Abstract
Scouring is a complex process dependent on several factors, and local scour is more complex than general scour. This study was an attempt to predict local scour round bridge piers based on general scour in the water stream. Three obstacle shapes were used – circular, round-nosed, and elliptical – as they are predominant in hydraulic structures like bridge piers. For each obstacle shape, scour depth was measured around the periphery for five gradually increasing discharges and in two types of bed material. The local scour results were analyzed to relate them to general scour. Lacey's equation was used to estimate general scour. Models were developed for the three common shapes, by which local scour for any particular shape can be predicted based on general scour in the stream.
HIGHLIGHTS
Correct estimation of local scour depth.
Incorporation of shape factor for a better scour depth estimation.

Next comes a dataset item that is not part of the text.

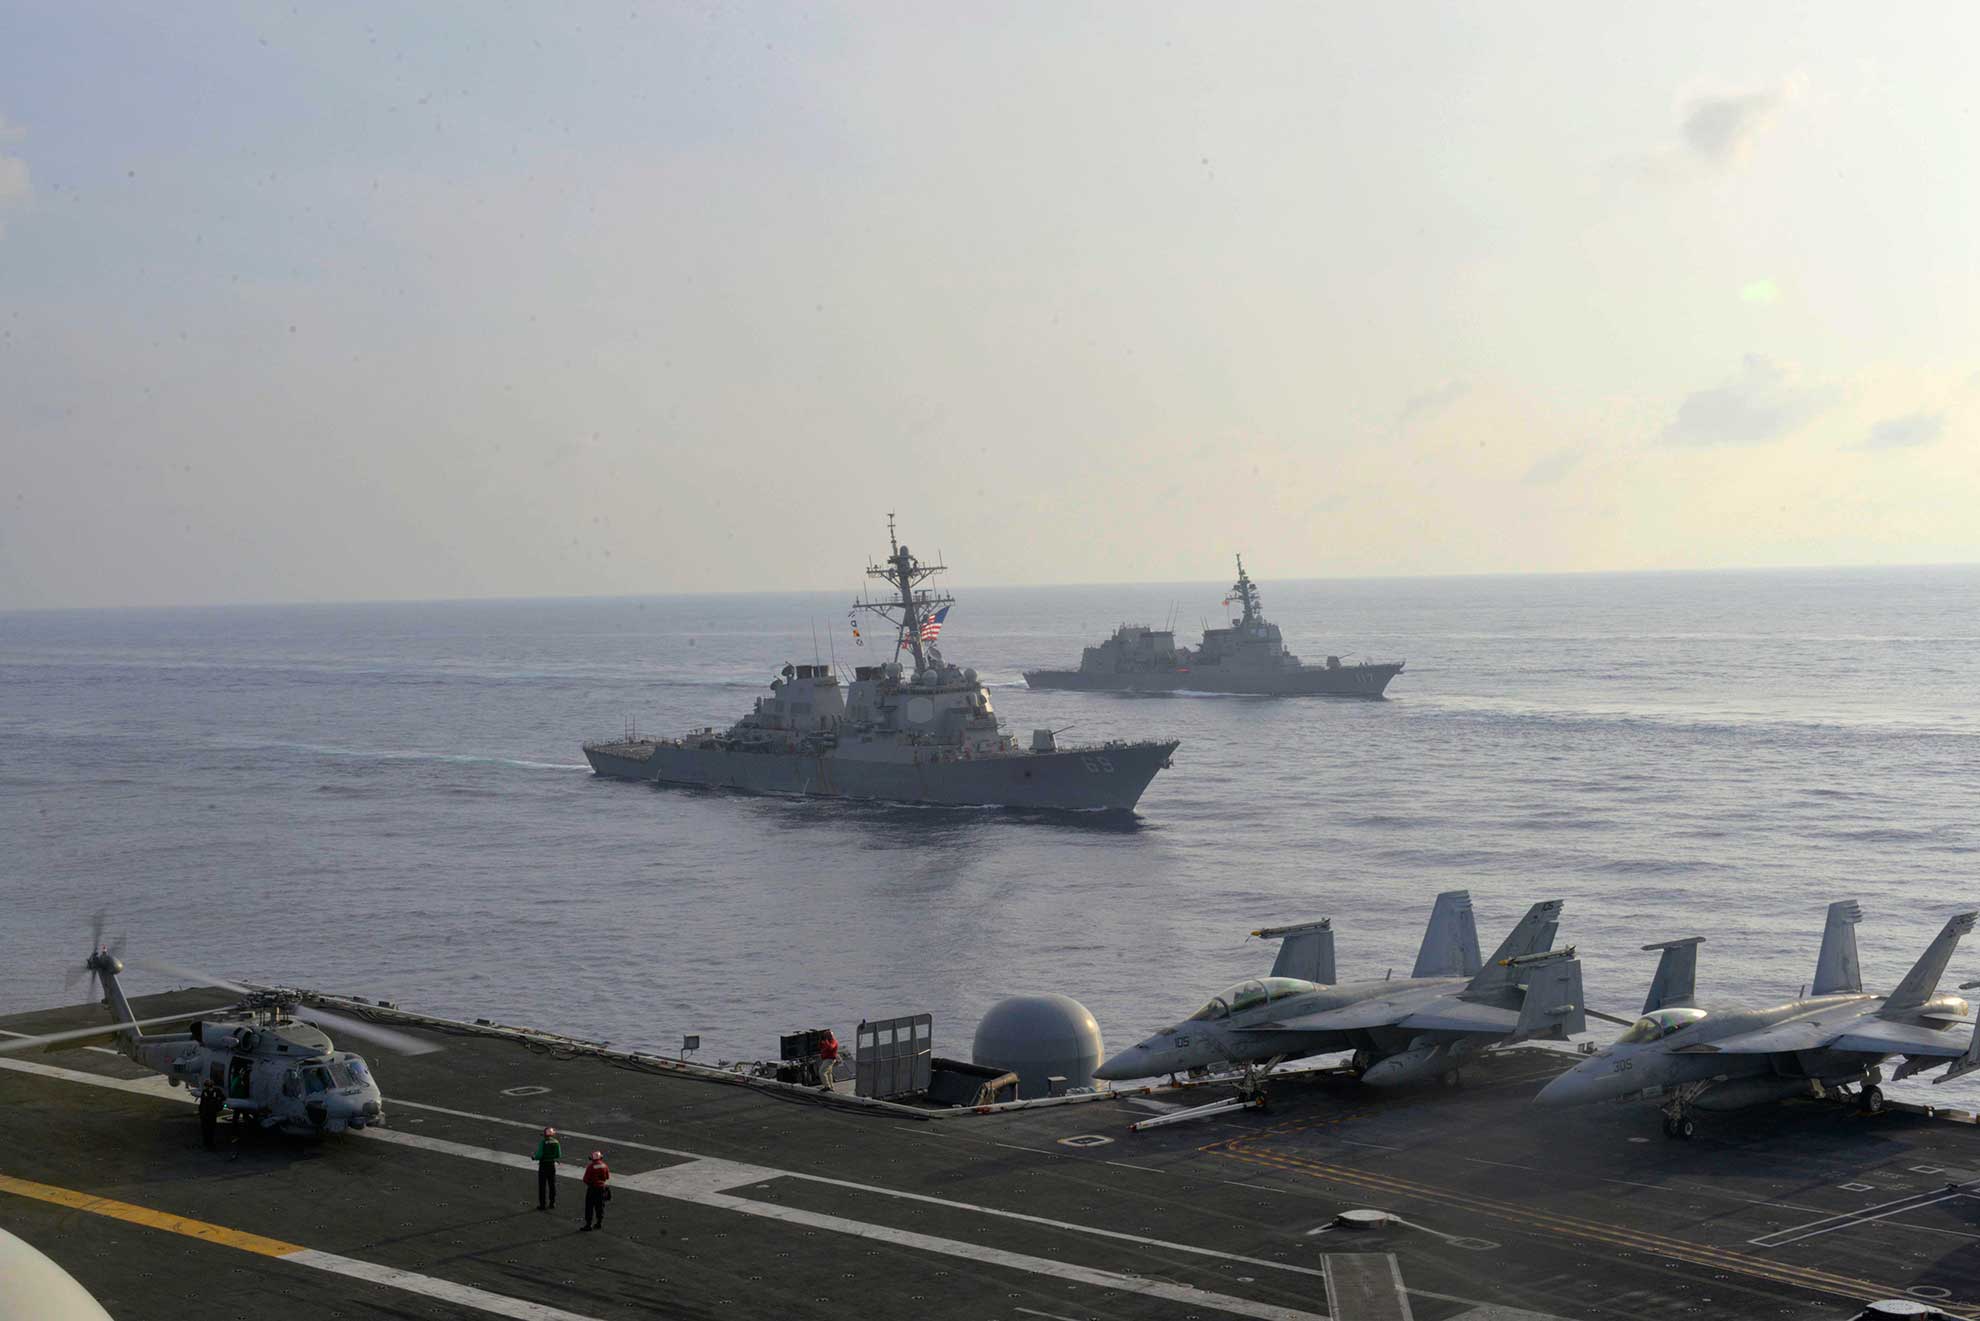 South China Sea (Aug. 31, 2018) The guided-missile destroyer USS Milius (DDG 69) and the Japan Maritime Self-Defense Force (JMSDF) destroyer JS Suzutsuki (DD 117) are underway alongside the Navy's forward aircraft carrier USS Ronald Reagan (CVN 76) during a photo exercise with the JMSDF. The Ronald Reagan Carrier Strike Group is forward-deployed to the U.S. 7th Fleet area of operations in support of security and stability in the Indo-Pacific region -- U.S. Navy photo by MCS1 Timothy M. Black. -

Improvement over Lacey's theory.
Relating local scour estimation with general scour.
Better design and safety of hydraulic structures.
INTRODUCTION
Scour is the removal of soil and rocks from the beds and the banks of streams under the action of flowing water. As water passes around any obstruction in the flow path, scouring occurs. The obstruction, commonly a bridge pier, causes the water to change direction, producing turbulence. This in turn detaches soil particles and becomes suspended in the water stream. The United States Geological Survey (USGS) defines scour as the hole left when sediment is washed from the bottom of a river (Leopold & Maddock 1953). Although scour may occur at any time, scour action is especially strong during floods because swiftly flowing water has more energy than calm water to lift and carry sediment.
The flow of water over an erodible surface, such as the bed of a natural stream or an unlined channel, can cause scouring. This is accelerated if the water channel/stream is constricted by any hydraulic structure component such as a bridge pier. In such a case, the general scouring is accompanied by substantial local scour around the pier, which may prove detrimental to the latter's stability. The extent of scour is greatly affected by the presence of structures encroaching the channel (May et al. 2002; Abdul Aziz 2011). Many studies (Melville 1992; Landers & Mueller 1996; Melville & Coleman 2000; Hong et al. 2012; Akib & Rahman 2013) report that hydraulic structures fail mostly because of scouring around a structural element, most commonly a pier, in the case of bridges, especially during large floods. This highlights the importance of local scour depth estimation to reduce the probability of structural failure. Mohammadpour et al. (2021) conducted experiments to predict local scour around complex abutments and compared the results with complex piers. Inamdeen et al. (2021) studied riverbed scour to focus on the fundamental mechanisms and patterns governing bridge scour; a bathymetric survey was used to map the scour holes downstream on the Ronne River, Sweden to analyze the possible causes of scouring. Local scour is a function of many variables involving flow, channel, and pier/obstacle parameters (Raudkivi & Ettema 1983; Mir et al. 2017, 2018; Link et al. 2020). Channel scouring and its estimation are substantially governed by various phenomena including runoff, sediment transport mechanisms, etc. (Fakhri et al. 2014; MohammadzadeMiyab et al. 2017; Zalaki-Badil et al. 2017).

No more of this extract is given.